— И чем же она вам не угодила? — язвительно осведомился он, — Мешала производить полуночные мессы? Возносить жертвы идолам?
Уилл лишь взглянул на него, и Лэйд сам собой осекся. Совсем озлобился, старый сатир, подумал он, сам клацаю челюстями, точно чудовище из Скрэпси. Вот тебе и благородный Тигр Нового Бангора. А ведь полковник, надо думать, описывал меня совсем с другой стороны…
— Извините, — буркнул он, остывая, — Жизнь лавочника не располагает к теологическим спорам. Что вы имели в виду, Уилл?
Тот благодарно кивнул, словно принимая его, Лэйда Лайвстоуна, извинения.
— Англиканская церковь всегда уделяла чересчур большое внимание догматике. Руководствуясь наилучшими побуждениями, конечно. Не замечая, как с течением веков эта догматика, обернувшись тлетворным ядом формализма, разъедает изнутри все христианское устройство церкви! Она закостенела в своем вековечном ложе, превратив Христа в иззолоченное алебастровое изваяние сродни выспренным статуям Вероккьо, Челлини и Пиццоло. А ведь Иисус был не строгим учителем, которым его силятся нам представить! Нет, сэр. Он не был чванливым морализатором в шелковой рясе! Он был философом, беглецом, учителем. А еще — мятежным бродягой, странником и творцом. Наделенный по воле Создателей божественной сущностью, он в то же время оставался человеком, мистер Лайвстоун. Со всем, что полагается человеку при рождении — страстями, страхами, сомнениями. Да, страстями!

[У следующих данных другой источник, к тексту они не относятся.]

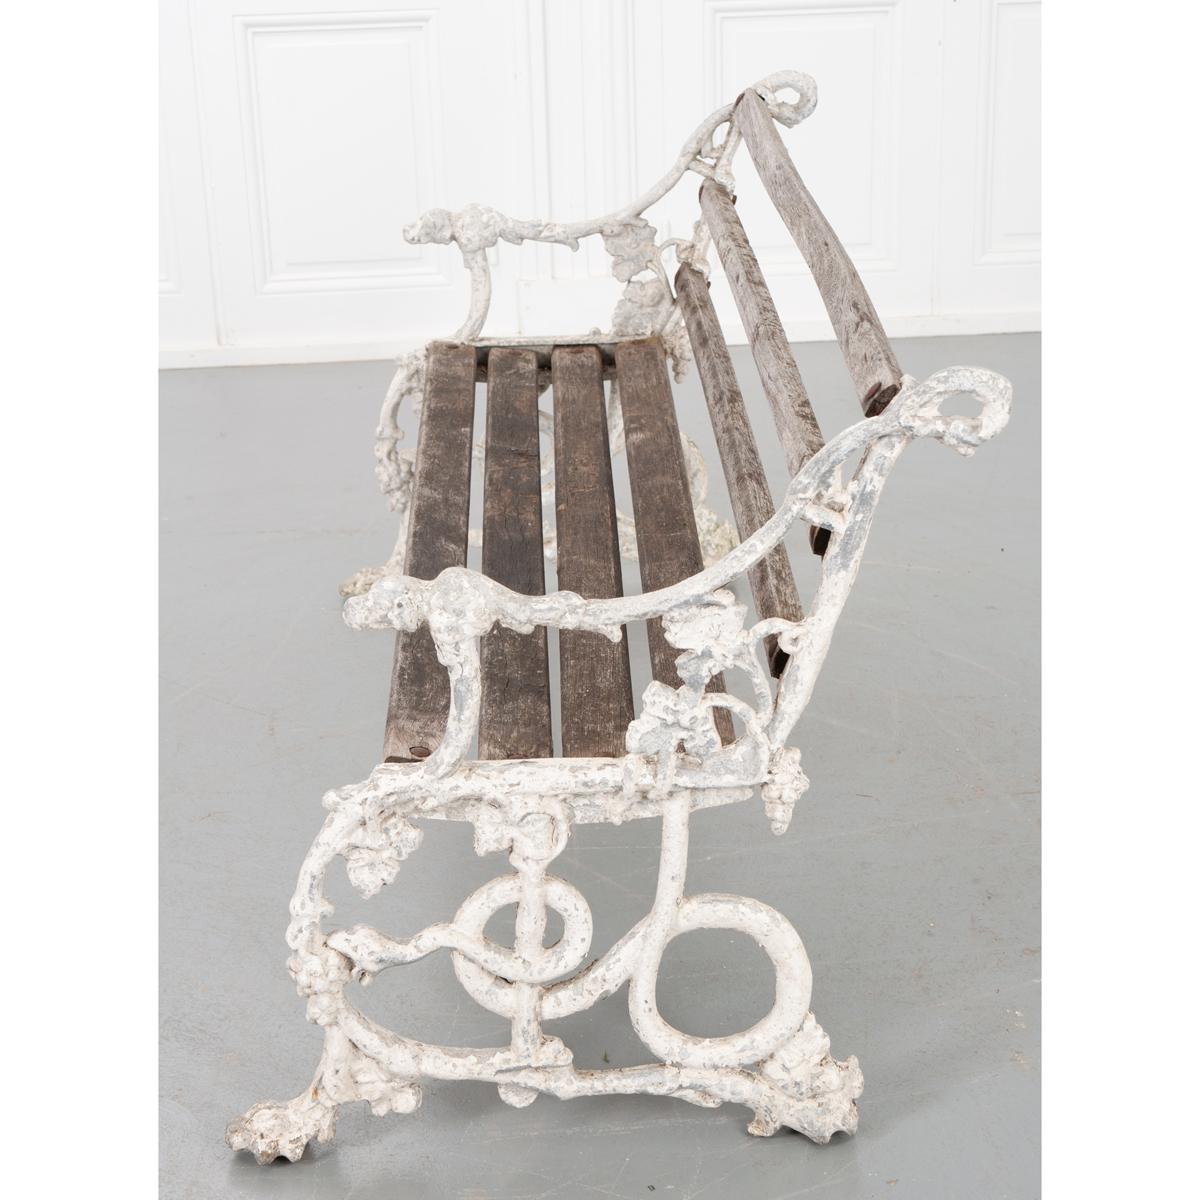 A lovely painted iron and wood garden bench from France. The unique iron base, cast in the forms of grape vines and intertwined snakes supports the wooden seat and seat back. Measure: Seat: 14-?” H.
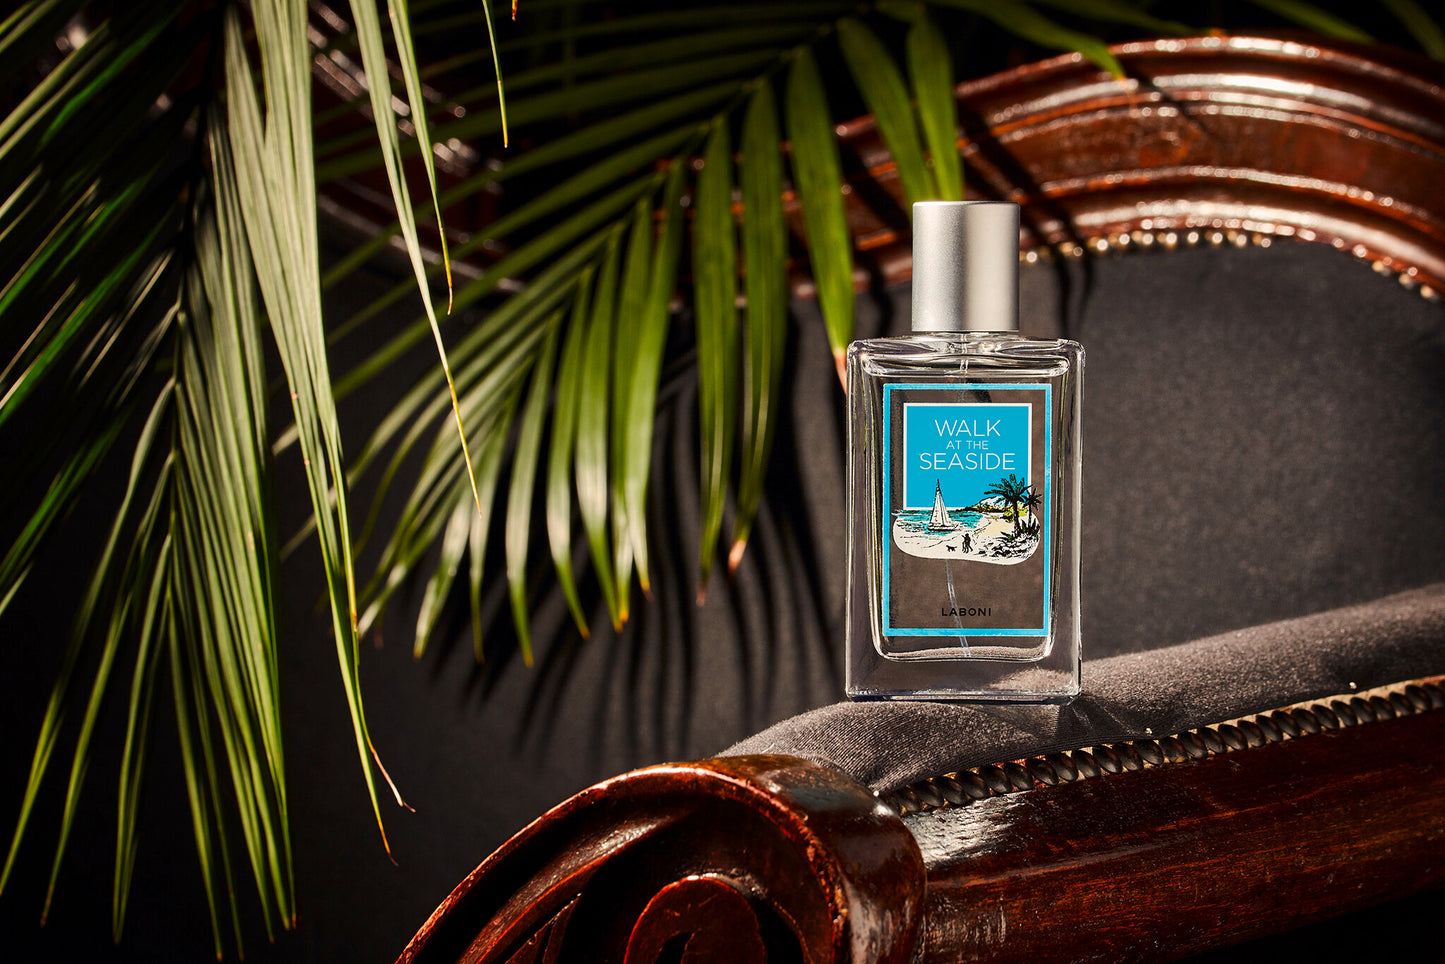 Scent "Walk at the Seaside"

Лэйд мрачно глядел на него исподлобья, надеясь, что этот ручей красноречия изойдет сам собой, не требуя его, Лэйда, вмешательства. Ему никогда не приходилось участвовать в религиозных дискуссиях, эта сфера лежала слишком далеко от привычной ему, но, как доподлинно известно каждому в Хукахука, человеку, способному успешно отбиваться от коммивояжеров, ничего не стоит одной левой разделаться с Эразмом Нотердамским и Фомой Аквинским вместе взятыми.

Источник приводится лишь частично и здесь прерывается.